ToolObservation Pattern Usage
This guide covers how to use the ToolObservation pattern for structured tracking of tool execution results, enabling observation-based reasoning loops and MasterController compatibility.
Table of Contents
Overview
ToolObservation provides:
Structured Tracking: Standardized format for tool execution results
Success/Error Status: Automatic success/error tracking
Execution Metrics: Execution time and timestamps
LLM Integration: Text formatting for LLM context
Serialization: Dictionary format for storage
MasterController Compatibility: Essential for MasterController integration
When to Use ToolObservation
✅ Observation-based reasoning loops
✅ MasterController compatibility
✅ Debugging and analysis
✅ LLM context building
✅ Tool execution logging
Basic Usage
Pattern 1: Execute Tool with Observation
Execute tool and get structured observation.

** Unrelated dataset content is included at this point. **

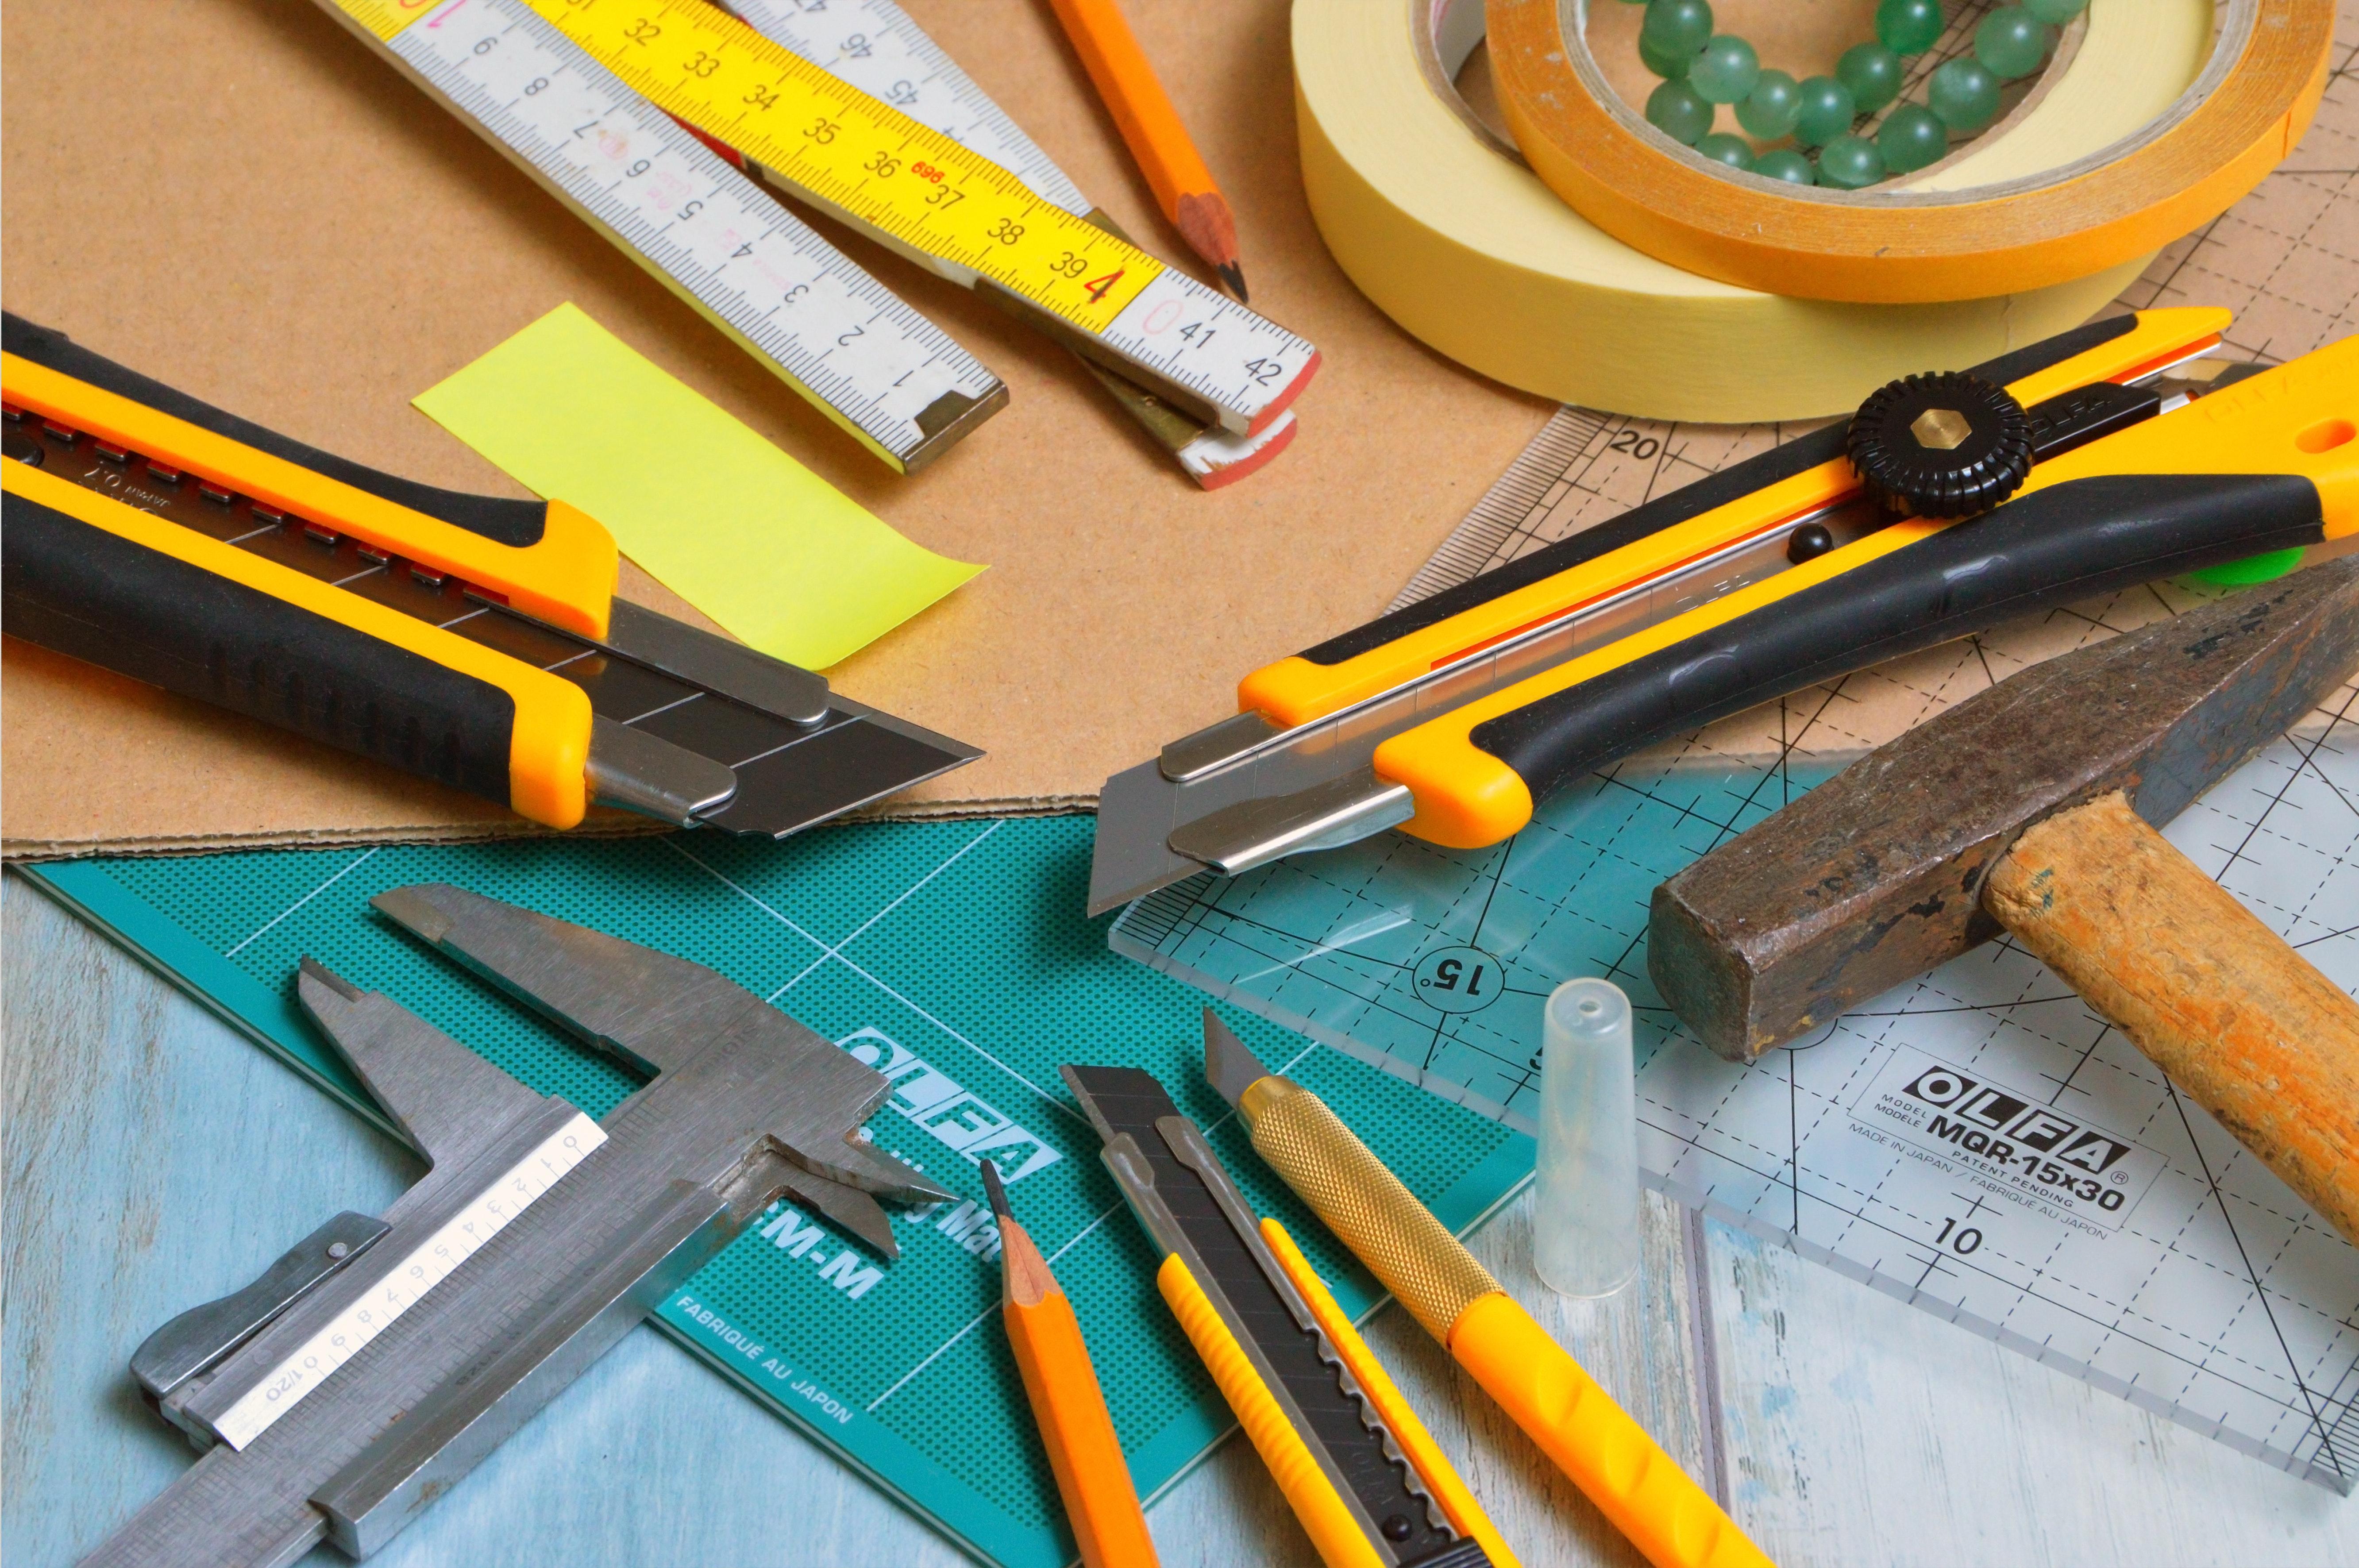 blade-cut-cutter-1409215

from aiecs.domain.agent import HybridAgent, AgentConfiguration
from aiecs.llm import OpenAIClient
agent = HybridAgent(
agent_id="agent-1",
name="My Agent",
llm_client=OpenAIClient(),
tools=["search", "calculator"],
config=AgentConfiguration()
)
await agent.initialize()
# Execute tool with observation
obs = await agent._execute_tool_with_observation(
tool_name="search",
operation="query",
parameters={"q": "Python"}
)
# Check success
if obs.success:
print(f"Found results: {obs.result}")
else:
print(f"Error: {obs.error}")
Pattern 2: Create Observation Manually
Create observation manually for custom tracking.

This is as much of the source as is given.